[Haskell-cafe] Tiger compiler: variable escaping analysis phase

Tue Jun 22 09:01:37 EDT 2010

On Tue, Jun 22, 2010 at 09:33:22AM -0300, José Romildo Malaquias wrote:
> In the variable escaping analysis phase of the compiler, a function
> findEscape looks for escaping variables and record this information in
> the escape fields of the abstract syntax. To do this the entire abstract
> syntax tree is traversed looking for escaping uses of every variable,
> and, when found, the field is set to true.
>
> findEscape uses a symbol table to accomplish its work, binding variable
> names to a reference to boolean (the same reference used in the abstract
> syntax tree). When processing a variable declaraction, for instance, it
> inserts the variable name into the symbol table, binding it to its
> escaping field. When processing an expression which is a simple
> variable, if the variable occurs in a nested function, its binding in
> the symbol table is set to true. This reflects directly in the abstract
> syntax tree of the variable declaration, as the escape field in the
> variable declaration and the binding in the symbol table are the same
> reference to bool.

Idea of pure algorithm:

 1) Update the symbol table itself, that is: instead of using

       (a) Map Symbol (IORef Bool)

    use

       (b) Map Symbol Bool.

    This doesn't change the complexity of the algorithm as
    searching and updating have the same complexity for many data
    structures (maps and hashtables, for example).

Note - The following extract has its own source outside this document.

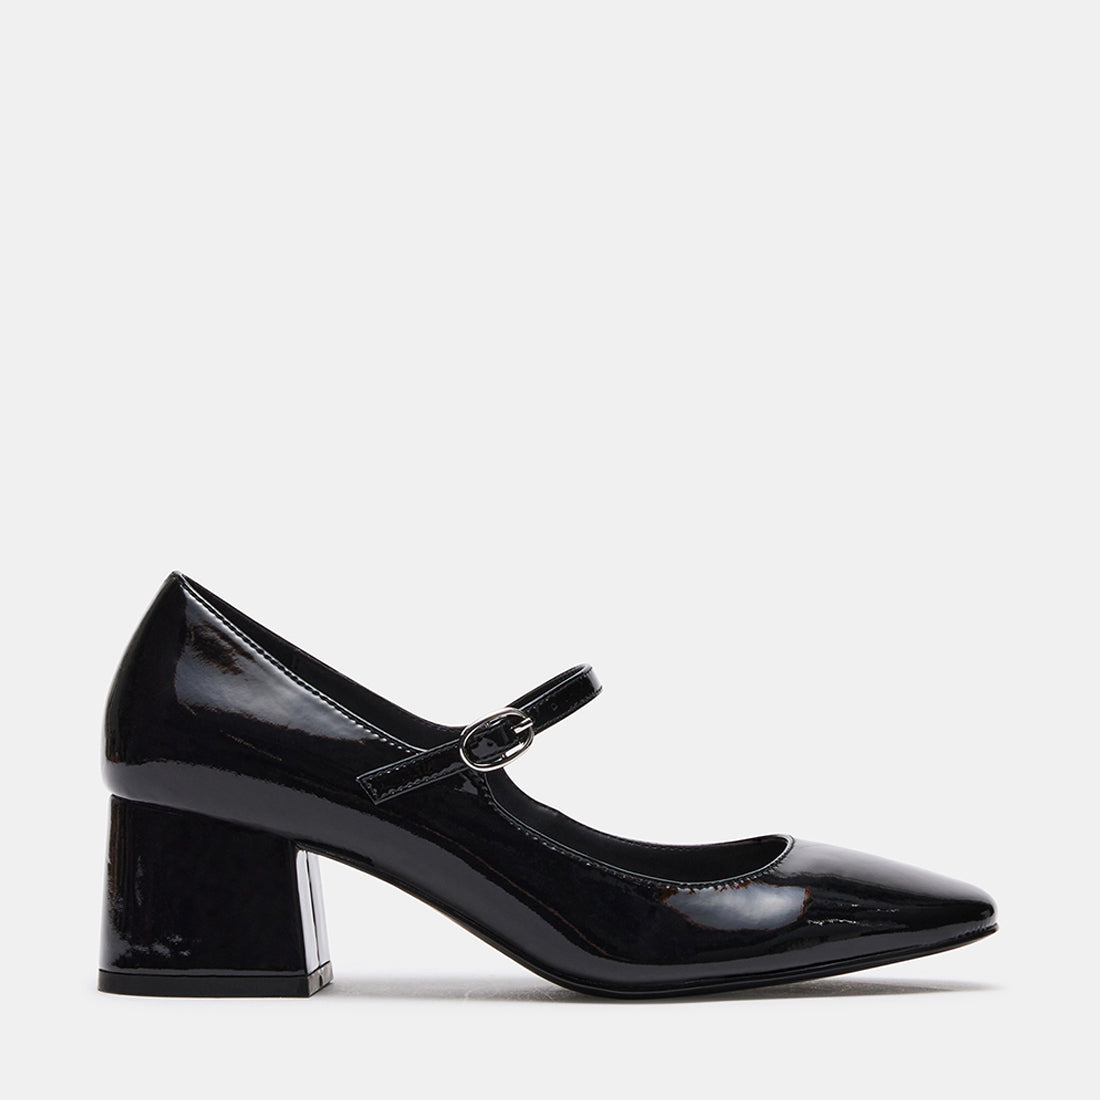 HAWKE Black Patent Mary Jane Block Heel Pumps | Women's Designer Heels ...
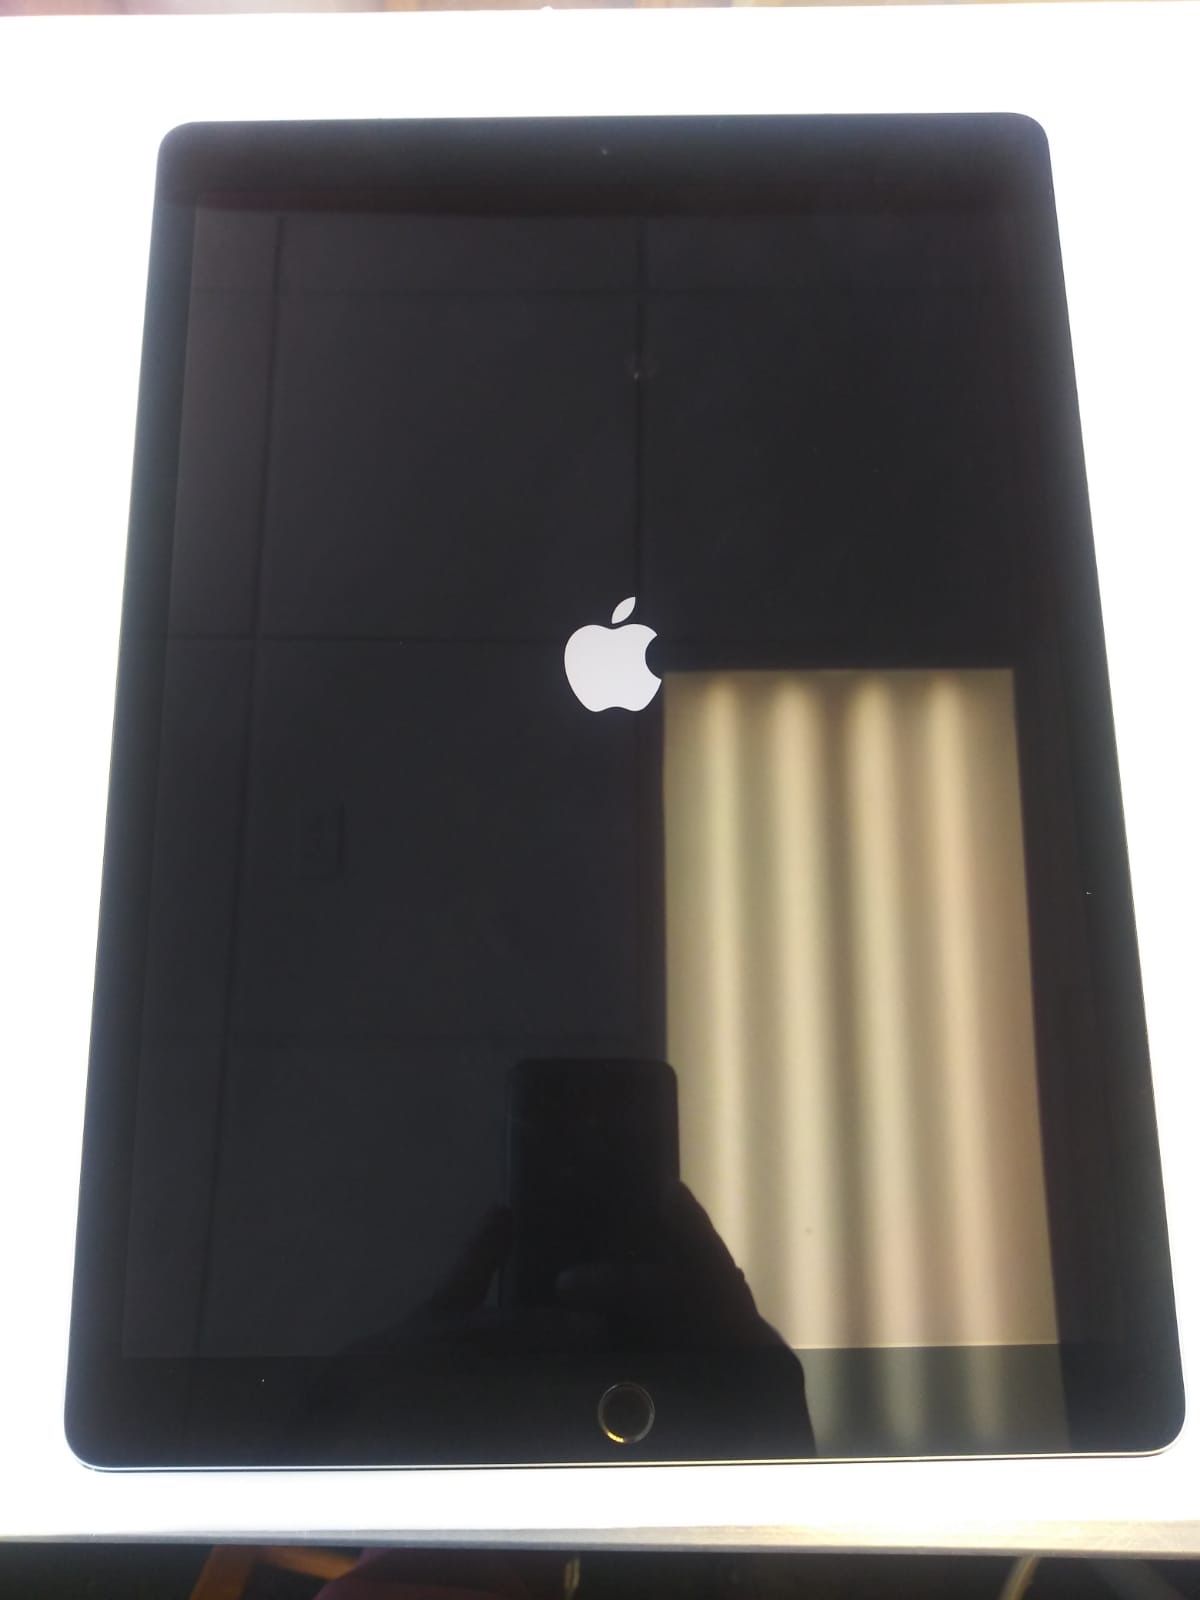 iPad Pro 12.9” 2nd generation

    In reality, you don't need to use a Map at all.  Just use

       (c) Set Symbol

    and symbols not in the set do not escape.  Using (a) gives
    you O(n log k) for this step, where n is the size of the AST
    and k is the number of symbols.  On the other hand, (c) gives
    you O(n log e), where e is the number of escaping symbols.

 2) After doing the whole analysis, use a function
    'addEscapeInfo' to process the whole pure AST again adding
    information about escaped symbols.  This is O(n log e) as
    well.

> The second option is more elegant in my point of view, but would be much
> less efficient than the first one.

While O(n log e) is better than O(n log k), probably the
constants in the pure algorithm are higher than their impure
counterparts.  I guess you could also try to write:

  1) Take an 'AST e' into 'AST (STRef s Bool, e)' in O(n).

  2) Use the impure algorithm inside ST monad in O(n log k).

  3) Take 'AST (STRef s Bool, e)' into 'AST (Bool, e)' in O(n).

  4) 'runST' on the above steps to get a pure function from
     'AST e' into 'AST (Bool, e)'.

The ST monad has the same runtime overhead as IO.  Steps 1) and
3) are used to hide the ST monad from the rest of the compiler.

Cheers,

--
Felipe.